While stillage coming out of the fermentation vessel is extremely rich in potentially valuable biochemicals, Tate says by the time money is invested in separating those into a pure form to sell them, producers may not even break even. So J. Jireh Holdings began looking at what can be economically separated to produce added profits for the ethanol producer, what was problematic, and what could be addressed using the company’s pulse combustion drying technology. “And looking at it from that perspective is how we developed our DDS process,” Tate says. “The CDS, a concentrated solution, was already being produced at ethanol plants. This is a product stream that is already separate. What we found and developed is operating parameters for our pulse combustion dryers that allow us to dry condensed distillers syrup. We have looked at material that is anywhere from about 20 percent solids up to 40 percent solids; we’ve looked at material that is produced in a conventional dry mill corn ethanol plant with no other extractions; we’ve looked at material from dry mill corn ethanol plants where the corn oil is extracted resulting in a reduced fat condensed distillers product that we have dried; and we’ve also looked at the condensed solubles that come out of a dry mill ethanol plant that’s using milo or grain sorghum as a feedstock. We’ve looked at all of those and have produced a dry DDS product from all of those things.”

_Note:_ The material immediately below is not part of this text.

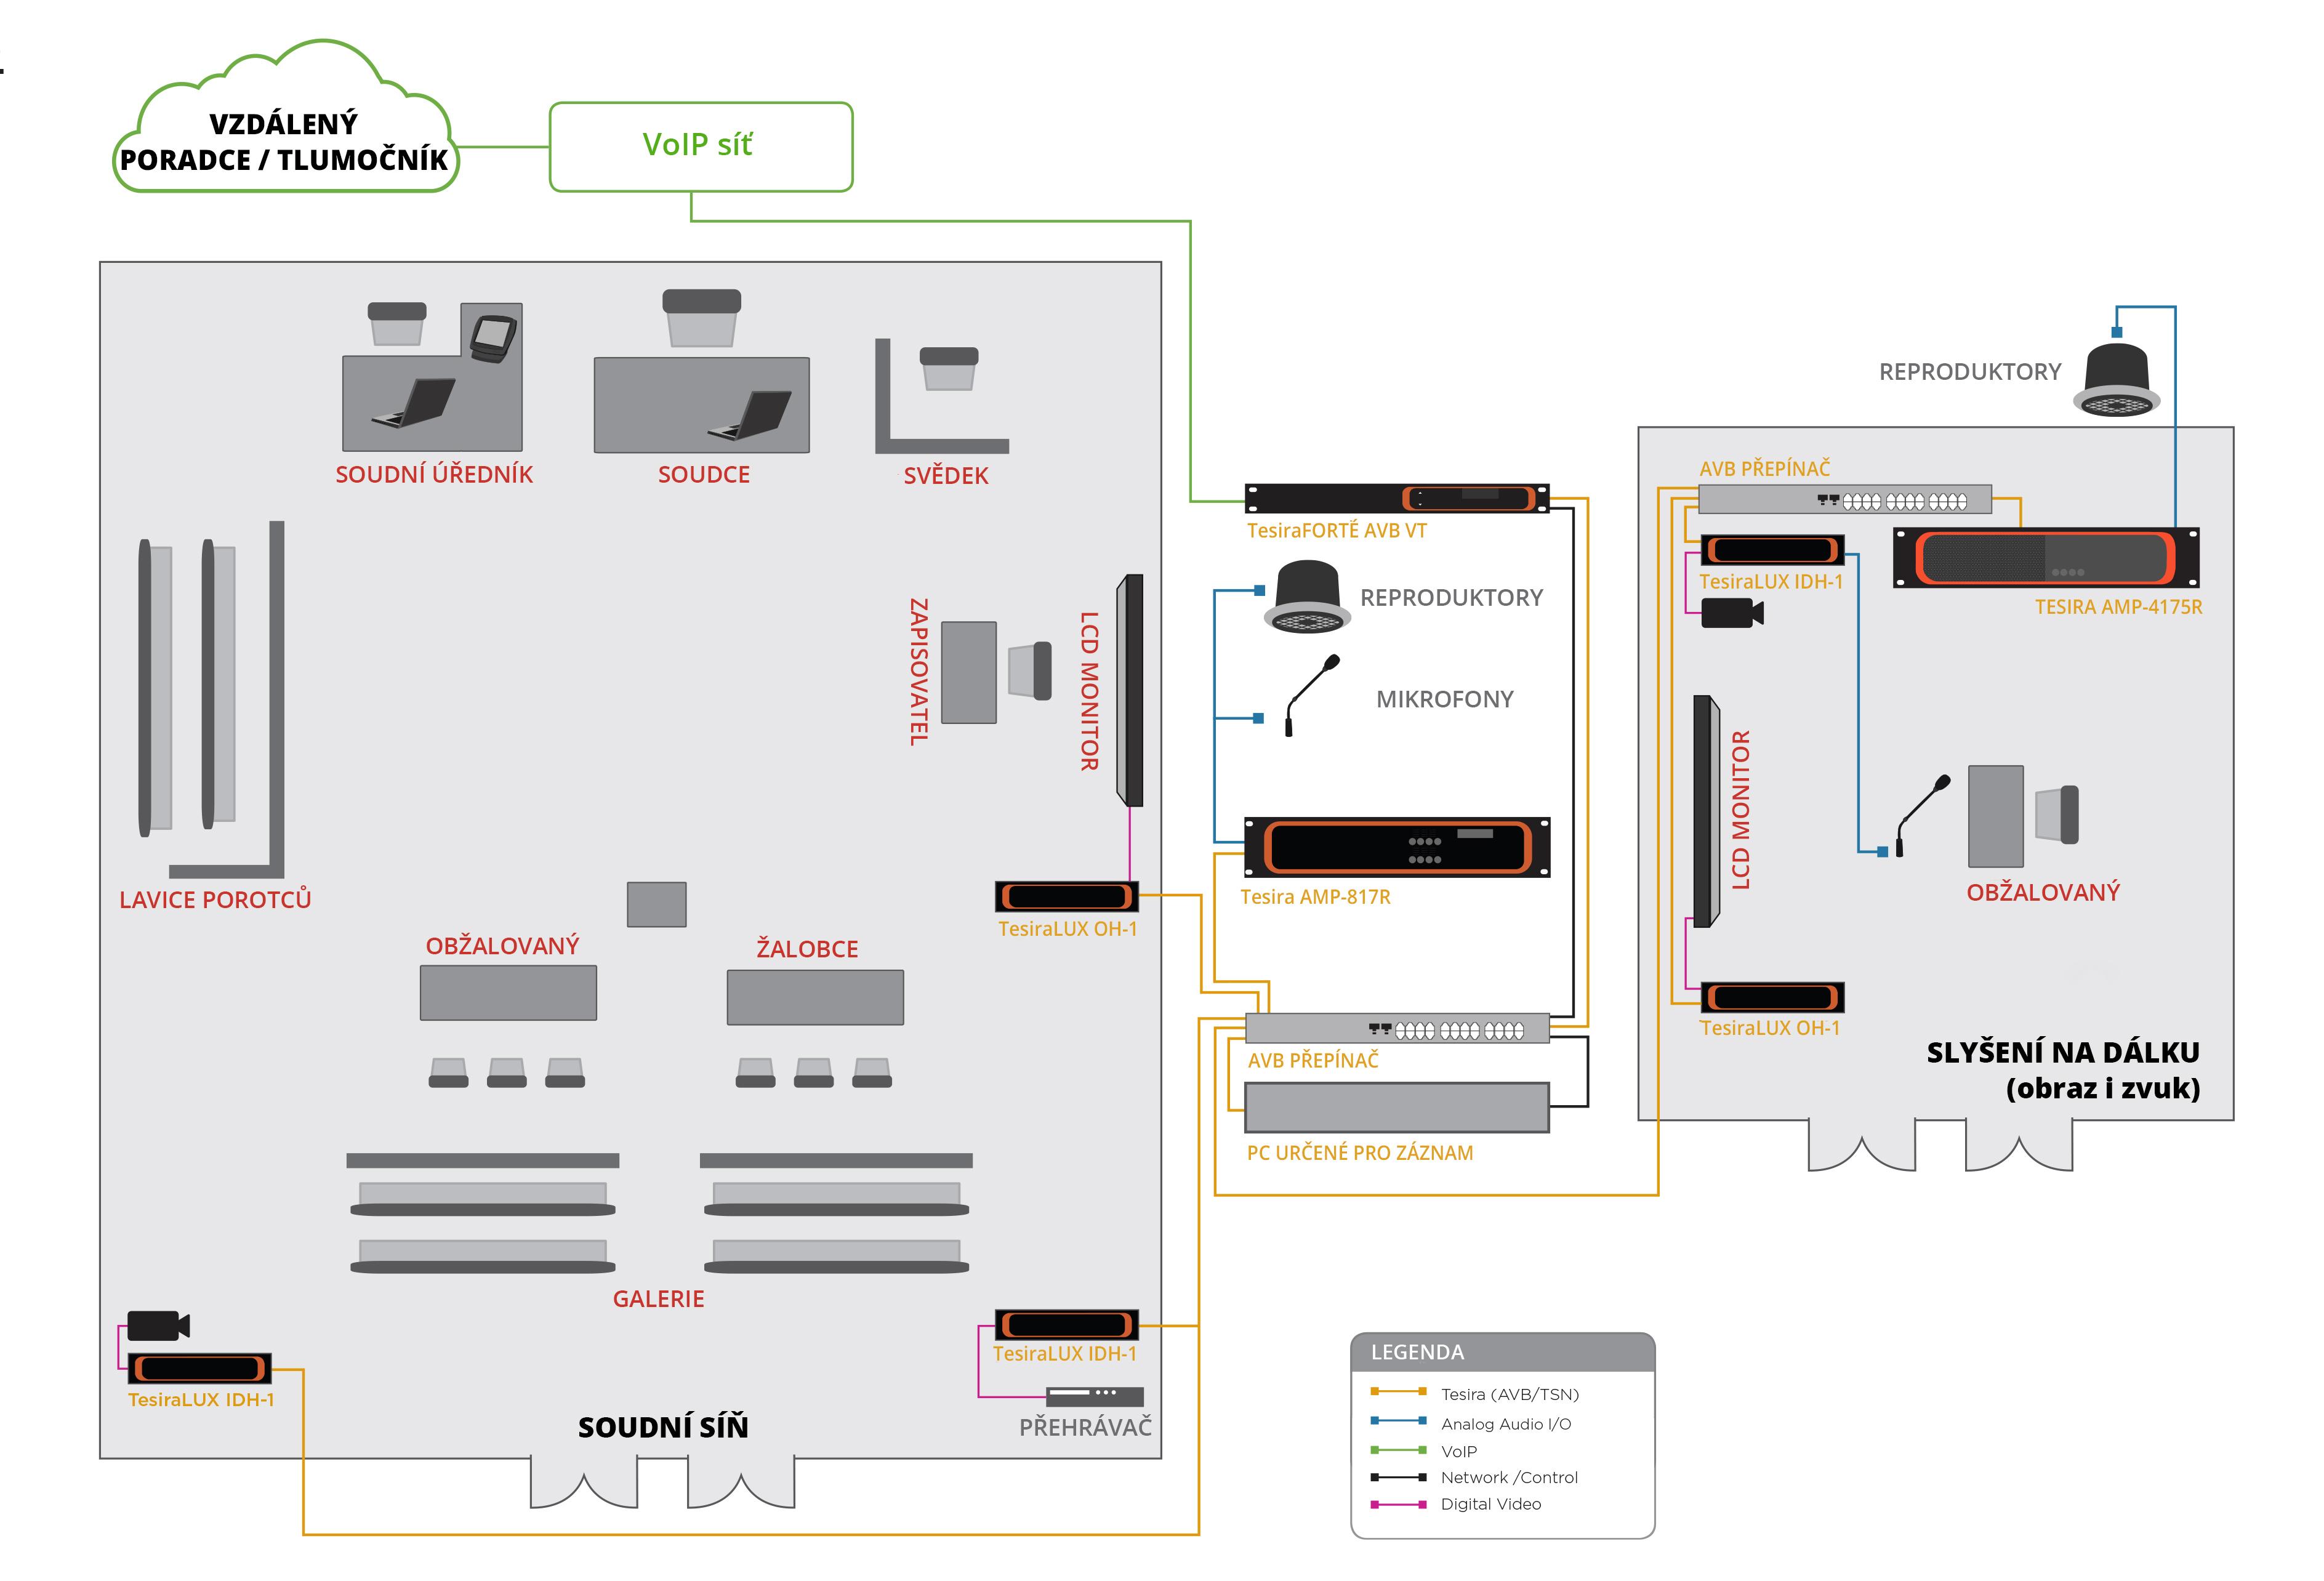 Soudní slyšení na dálku (obraz i zvuk) – produktové řešení systémů Tesira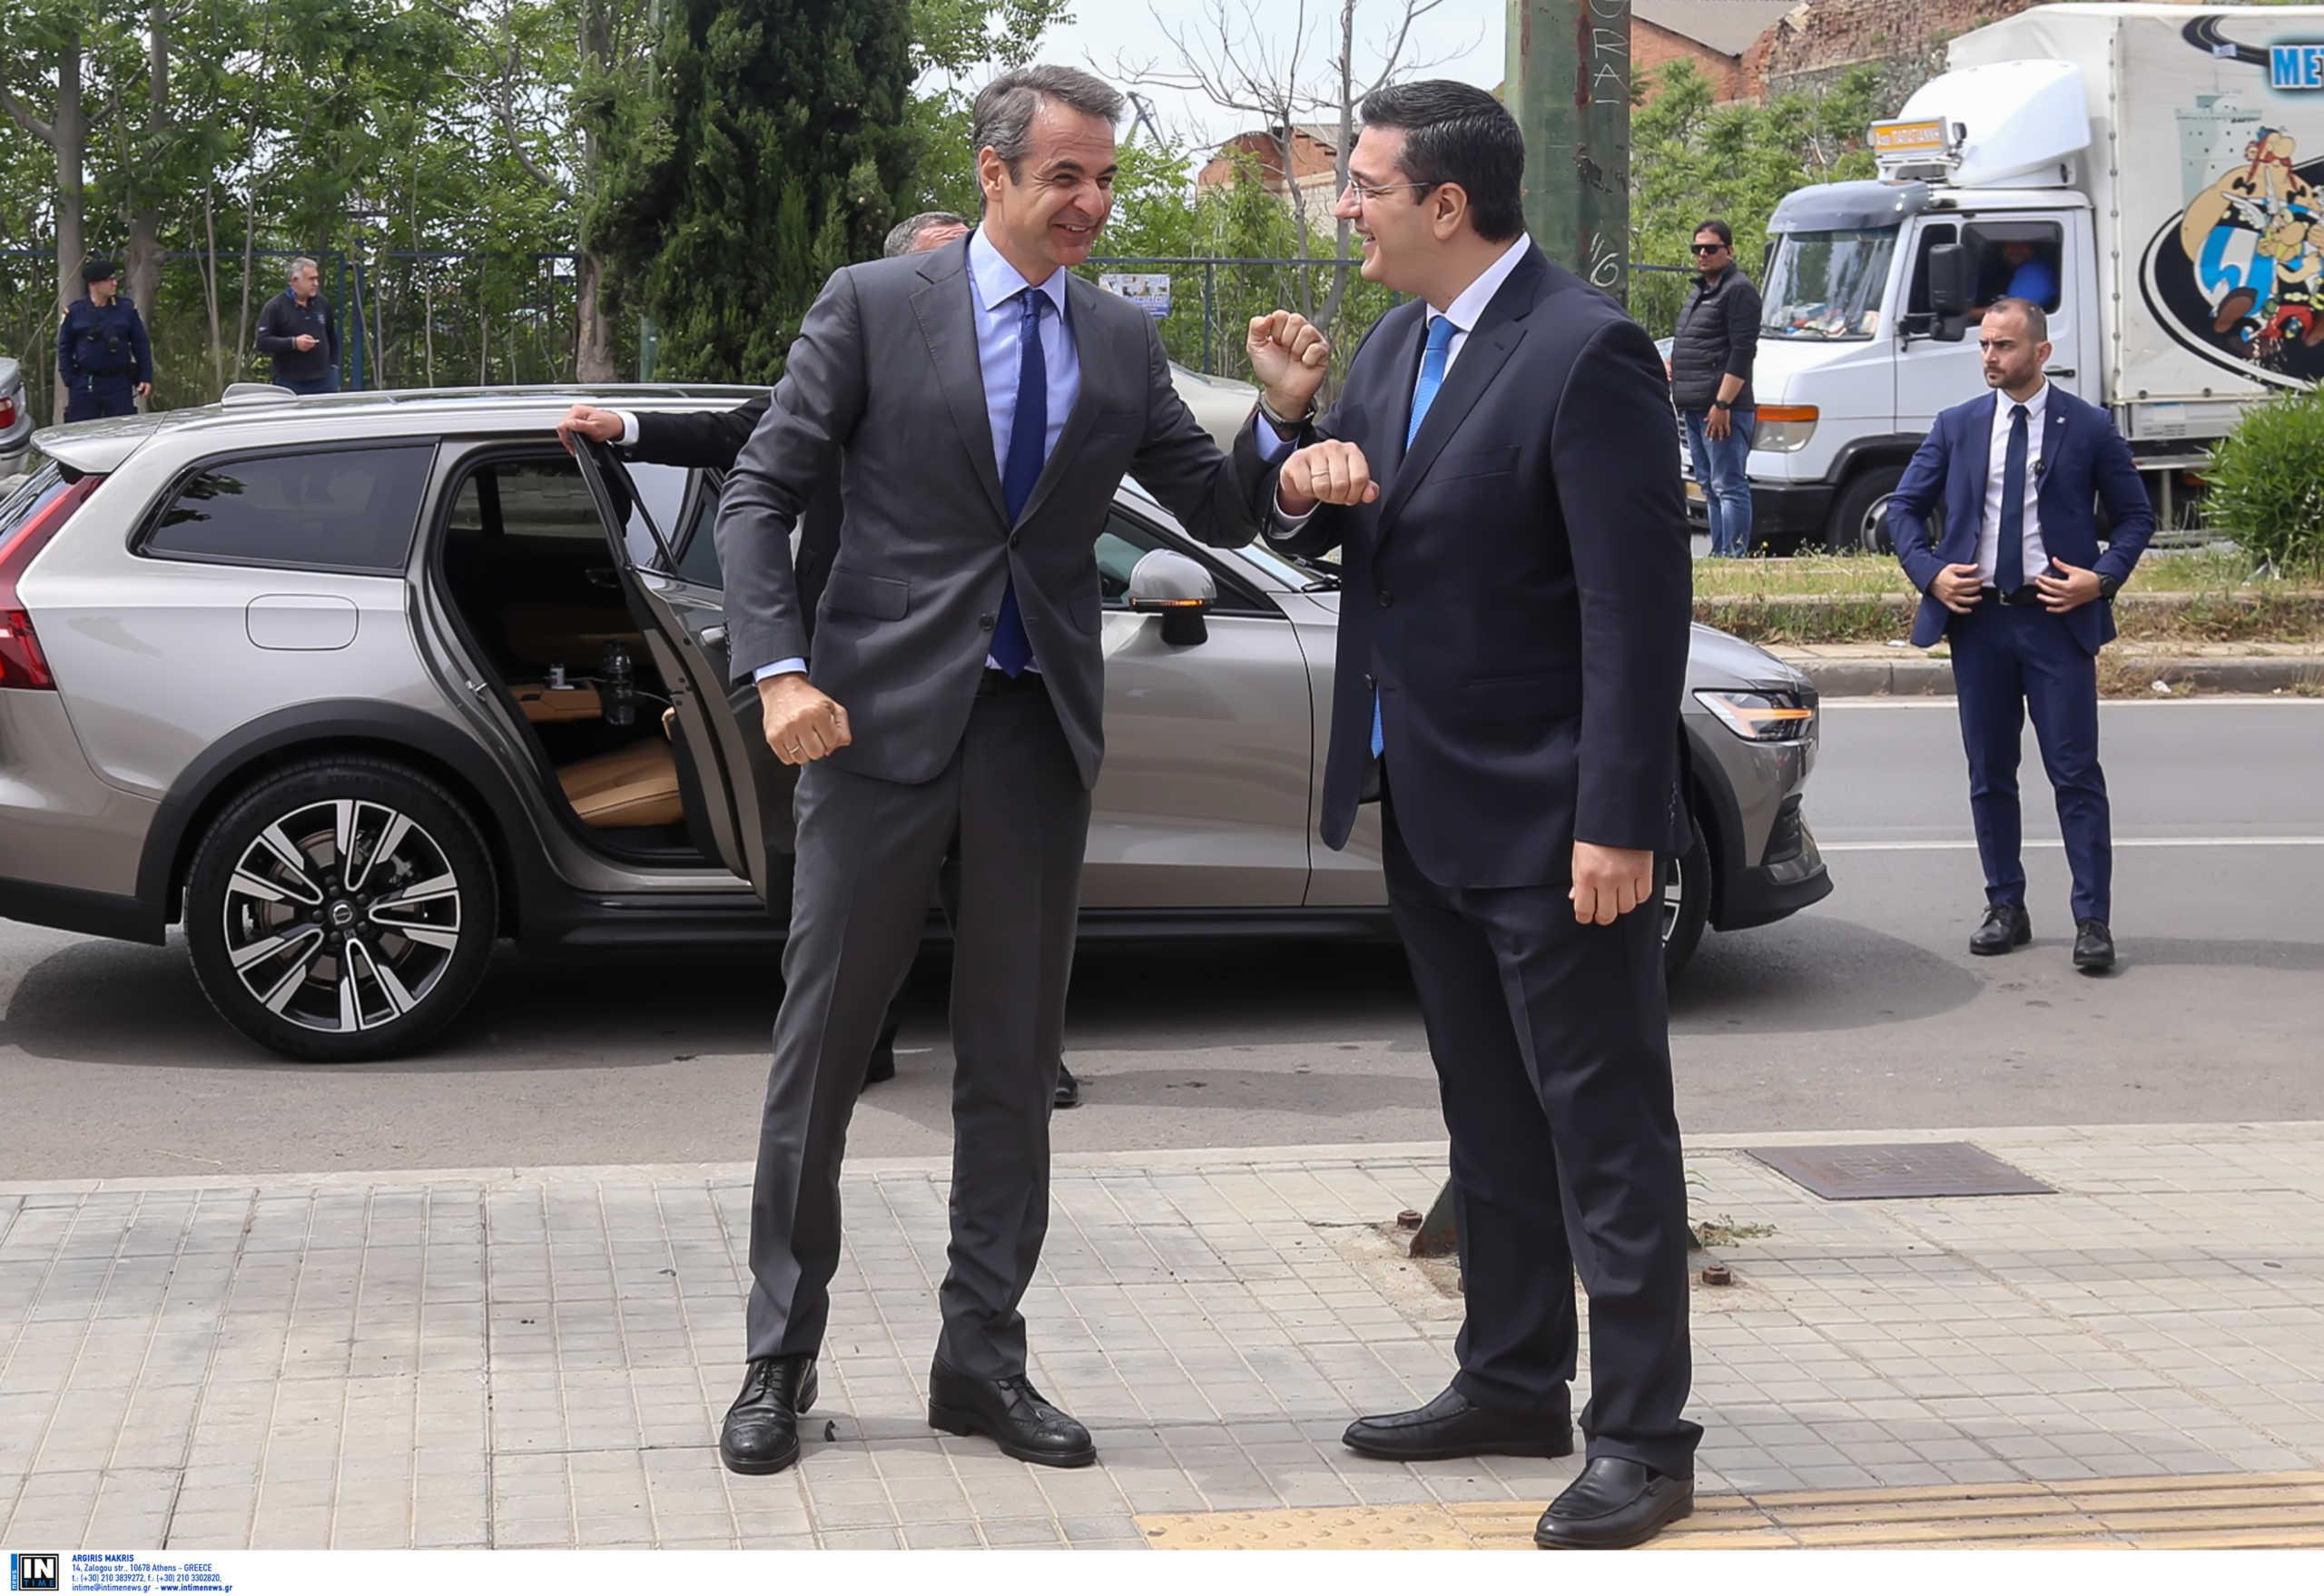 Θεσσαλονίκη, μέρος πρώτο: Οι επαφές Μητσοτάκη και η πρόγευση των εξαγγελιών για την οικονομία

Tate also found that by using DDS as a sustained release carrier system, one could take advantage of the material and chemical properties of the DDS. “When subjected to a little heat and pressure, the dried distillers solubles will polymerize and form a hard durable pellet that’s still biodegradable and breaks down all the time,” Tate says. “Our ability to adjust how hard those pellets are allows us to adjust how quickly they degrade and release material. So we can then put active ingredients with the condensed distillers solubles as a liquid, pulse dry it and have a completely incorporated product, pelletize it, adjust our pelleting to be a harder or softer pellet or maybe a mix of hard and soft pellets and produce a sustained release lawn and garden pest control product,” Tate says. “We’ve developed sample products using this technology for control of slugs, snails, ants and mosquitoes. We’re also working with a couple of companies in the area of nuisance animal repellent.” The sustained release system can also work well to attract animals, such as deer.